• Activity
Using the data below, return the stretch from the line that contains "Gluten free dressing in a 9x13 ready to bake" through the line that contains "Your Lie In April Anime Aesthetic", both included, exactly as it stands and nothing beyond it.
**** Data to examine ****
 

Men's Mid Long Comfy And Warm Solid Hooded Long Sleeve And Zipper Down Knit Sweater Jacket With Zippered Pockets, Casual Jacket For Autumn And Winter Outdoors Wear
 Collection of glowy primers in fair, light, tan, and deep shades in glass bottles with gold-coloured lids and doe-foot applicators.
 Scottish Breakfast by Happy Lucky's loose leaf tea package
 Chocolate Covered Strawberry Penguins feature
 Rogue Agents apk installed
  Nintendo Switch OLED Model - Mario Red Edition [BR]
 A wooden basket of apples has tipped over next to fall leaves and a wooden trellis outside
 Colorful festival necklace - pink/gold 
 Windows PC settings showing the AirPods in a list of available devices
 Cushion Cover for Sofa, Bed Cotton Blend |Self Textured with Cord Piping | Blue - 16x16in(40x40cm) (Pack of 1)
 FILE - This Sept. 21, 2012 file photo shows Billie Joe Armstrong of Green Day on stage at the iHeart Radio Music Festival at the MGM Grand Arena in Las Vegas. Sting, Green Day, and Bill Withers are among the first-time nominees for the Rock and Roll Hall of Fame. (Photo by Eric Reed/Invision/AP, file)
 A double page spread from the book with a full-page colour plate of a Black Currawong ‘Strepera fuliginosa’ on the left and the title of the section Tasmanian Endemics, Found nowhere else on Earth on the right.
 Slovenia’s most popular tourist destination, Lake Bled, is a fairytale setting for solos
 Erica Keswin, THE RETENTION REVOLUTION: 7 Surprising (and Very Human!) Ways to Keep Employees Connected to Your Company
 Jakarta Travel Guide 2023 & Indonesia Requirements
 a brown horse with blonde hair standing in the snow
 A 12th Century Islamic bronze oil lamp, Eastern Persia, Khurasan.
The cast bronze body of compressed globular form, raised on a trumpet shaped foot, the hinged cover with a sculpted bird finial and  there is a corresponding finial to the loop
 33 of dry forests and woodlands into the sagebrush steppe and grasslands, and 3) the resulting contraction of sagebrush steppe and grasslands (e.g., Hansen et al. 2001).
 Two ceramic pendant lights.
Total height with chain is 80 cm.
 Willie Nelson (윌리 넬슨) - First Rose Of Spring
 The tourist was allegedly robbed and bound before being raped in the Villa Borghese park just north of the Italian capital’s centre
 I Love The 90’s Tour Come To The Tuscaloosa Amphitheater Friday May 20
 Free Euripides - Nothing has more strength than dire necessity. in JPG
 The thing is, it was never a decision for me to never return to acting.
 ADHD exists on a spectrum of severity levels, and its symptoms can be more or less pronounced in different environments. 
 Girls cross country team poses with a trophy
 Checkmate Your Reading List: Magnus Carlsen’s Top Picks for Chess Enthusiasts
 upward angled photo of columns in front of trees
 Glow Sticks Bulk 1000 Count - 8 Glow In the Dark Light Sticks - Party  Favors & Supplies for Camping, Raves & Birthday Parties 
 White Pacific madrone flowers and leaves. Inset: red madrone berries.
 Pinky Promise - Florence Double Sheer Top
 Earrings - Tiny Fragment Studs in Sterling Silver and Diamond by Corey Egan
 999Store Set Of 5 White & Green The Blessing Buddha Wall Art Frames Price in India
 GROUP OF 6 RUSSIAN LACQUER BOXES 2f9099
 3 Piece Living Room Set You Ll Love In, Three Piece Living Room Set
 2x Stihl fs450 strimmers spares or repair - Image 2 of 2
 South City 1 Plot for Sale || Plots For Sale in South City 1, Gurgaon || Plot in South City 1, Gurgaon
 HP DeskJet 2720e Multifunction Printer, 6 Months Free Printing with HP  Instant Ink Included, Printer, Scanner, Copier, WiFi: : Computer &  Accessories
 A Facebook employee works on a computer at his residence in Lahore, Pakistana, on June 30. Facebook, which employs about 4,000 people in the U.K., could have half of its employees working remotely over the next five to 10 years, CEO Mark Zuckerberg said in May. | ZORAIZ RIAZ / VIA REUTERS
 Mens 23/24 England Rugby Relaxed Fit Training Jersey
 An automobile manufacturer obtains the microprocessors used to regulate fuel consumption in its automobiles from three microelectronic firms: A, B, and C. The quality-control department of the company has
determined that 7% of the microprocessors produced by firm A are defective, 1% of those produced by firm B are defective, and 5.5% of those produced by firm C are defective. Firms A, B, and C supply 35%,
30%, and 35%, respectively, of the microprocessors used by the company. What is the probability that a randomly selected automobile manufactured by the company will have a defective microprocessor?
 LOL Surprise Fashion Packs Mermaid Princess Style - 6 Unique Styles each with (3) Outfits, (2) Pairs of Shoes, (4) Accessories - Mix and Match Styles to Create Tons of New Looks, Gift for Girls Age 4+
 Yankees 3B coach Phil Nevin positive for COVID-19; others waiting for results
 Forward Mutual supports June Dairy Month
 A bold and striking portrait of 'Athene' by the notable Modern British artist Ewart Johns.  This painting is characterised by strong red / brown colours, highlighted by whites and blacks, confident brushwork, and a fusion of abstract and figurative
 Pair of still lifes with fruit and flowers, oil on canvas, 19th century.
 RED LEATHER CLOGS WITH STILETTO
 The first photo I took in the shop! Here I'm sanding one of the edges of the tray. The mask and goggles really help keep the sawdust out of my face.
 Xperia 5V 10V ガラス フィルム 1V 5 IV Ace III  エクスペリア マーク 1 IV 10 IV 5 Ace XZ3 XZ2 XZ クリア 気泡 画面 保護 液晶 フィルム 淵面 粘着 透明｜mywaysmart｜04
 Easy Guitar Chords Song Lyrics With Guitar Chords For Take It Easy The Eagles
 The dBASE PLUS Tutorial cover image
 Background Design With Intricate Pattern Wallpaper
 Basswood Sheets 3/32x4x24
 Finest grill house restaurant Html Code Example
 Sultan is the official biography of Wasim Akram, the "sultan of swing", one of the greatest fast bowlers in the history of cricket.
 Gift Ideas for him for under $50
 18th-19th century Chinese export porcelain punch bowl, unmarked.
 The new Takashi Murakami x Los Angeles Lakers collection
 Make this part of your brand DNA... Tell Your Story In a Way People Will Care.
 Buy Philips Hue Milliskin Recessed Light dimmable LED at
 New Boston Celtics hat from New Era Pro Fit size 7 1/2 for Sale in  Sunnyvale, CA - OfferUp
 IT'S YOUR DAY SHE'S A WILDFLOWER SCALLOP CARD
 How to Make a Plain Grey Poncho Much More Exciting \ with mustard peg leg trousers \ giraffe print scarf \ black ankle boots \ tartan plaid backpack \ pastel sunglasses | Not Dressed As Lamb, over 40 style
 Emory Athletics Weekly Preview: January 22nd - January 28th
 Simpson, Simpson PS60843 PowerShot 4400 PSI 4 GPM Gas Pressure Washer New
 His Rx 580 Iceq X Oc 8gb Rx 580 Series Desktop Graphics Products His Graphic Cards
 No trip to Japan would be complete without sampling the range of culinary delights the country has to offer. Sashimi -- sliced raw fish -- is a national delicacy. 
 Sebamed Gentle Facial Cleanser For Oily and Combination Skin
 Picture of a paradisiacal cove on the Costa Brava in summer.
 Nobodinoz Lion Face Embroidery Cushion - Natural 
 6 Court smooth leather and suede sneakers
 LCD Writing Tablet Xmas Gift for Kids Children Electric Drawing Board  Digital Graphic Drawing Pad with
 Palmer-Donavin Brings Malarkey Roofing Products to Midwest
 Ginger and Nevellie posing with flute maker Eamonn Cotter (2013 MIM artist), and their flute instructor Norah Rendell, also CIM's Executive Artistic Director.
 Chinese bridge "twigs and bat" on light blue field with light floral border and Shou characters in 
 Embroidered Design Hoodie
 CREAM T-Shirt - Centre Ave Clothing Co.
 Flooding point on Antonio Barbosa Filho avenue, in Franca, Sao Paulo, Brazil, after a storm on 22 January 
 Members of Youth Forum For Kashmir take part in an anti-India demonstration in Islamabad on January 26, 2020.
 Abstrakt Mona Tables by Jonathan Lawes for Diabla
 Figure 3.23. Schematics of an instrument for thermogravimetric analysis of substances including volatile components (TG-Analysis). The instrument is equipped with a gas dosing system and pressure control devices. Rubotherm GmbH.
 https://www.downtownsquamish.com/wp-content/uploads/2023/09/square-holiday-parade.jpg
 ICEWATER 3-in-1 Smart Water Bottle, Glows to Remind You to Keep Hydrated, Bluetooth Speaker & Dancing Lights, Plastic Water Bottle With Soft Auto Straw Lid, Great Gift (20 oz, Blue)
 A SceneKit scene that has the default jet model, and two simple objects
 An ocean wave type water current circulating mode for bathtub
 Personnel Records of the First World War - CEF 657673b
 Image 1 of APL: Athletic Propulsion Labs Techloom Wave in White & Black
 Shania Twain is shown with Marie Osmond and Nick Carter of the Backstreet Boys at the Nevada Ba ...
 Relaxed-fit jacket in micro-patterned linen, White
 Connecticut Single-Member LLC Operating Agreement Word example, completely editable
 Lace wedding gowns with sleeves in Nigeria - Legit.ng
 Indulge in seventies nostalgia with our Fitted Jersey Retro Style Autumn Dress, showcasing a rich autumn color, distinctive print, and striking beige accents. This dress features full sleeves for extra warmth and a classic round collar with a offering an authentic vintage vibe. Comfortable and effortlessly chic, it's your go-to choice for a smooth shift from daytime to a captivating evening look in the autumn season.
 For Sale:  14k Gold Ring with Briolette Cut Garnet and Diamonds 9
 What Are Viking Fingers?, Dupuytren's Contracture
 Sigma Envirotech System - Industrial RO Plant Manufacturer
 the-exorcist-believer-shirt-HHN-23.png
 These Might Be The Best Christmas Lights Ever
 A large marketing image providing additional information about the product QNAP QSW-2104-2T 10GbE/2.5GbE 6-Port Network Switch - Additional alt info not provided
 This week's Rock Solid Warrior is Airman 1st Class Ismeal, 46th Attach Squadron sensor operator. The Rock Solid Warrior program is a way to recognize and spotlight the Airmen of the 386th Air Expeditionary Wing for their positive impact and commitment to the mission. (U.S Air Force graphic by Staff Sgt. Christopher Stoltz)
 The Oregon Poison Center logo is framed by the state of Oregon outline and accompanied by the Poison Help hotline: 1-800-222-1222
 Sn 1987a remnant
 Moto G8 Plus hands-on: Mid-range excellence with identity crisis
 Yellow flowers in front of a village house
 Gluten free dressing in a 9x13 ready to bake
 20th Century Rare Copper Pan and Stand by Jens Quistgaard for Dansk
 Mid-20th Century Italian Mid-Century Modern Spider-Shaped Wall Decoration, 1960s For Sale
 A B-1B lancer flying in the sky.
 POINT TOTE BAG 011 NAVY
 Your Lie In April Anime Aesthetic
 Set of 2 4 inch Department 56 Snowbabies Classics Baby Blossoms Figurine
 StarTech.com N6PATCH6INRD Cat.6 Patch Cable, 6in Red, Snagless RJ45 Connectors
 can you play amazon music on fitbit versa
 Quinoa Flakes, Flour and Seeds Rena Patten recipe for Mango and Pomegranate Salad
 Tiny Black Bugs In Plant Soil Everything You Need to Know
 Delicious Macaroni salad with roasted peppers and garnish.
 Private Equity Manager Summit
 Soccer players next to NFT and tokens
****
• Task response
 Gluten free dressing in a 9x13 ready to bake
 20th Century Rare Copper Pan and Stand by Jens Quistgaard for Dansk
 Mid-20th Century Italian Mid-Century Modern Spider-Shaped Wall Decoration, 1960s For Sale
 A B-1B lancer flying in the sky.
 POINT TOTE BAG 011 NAVY
 Your Lie In April Anime Aesthetic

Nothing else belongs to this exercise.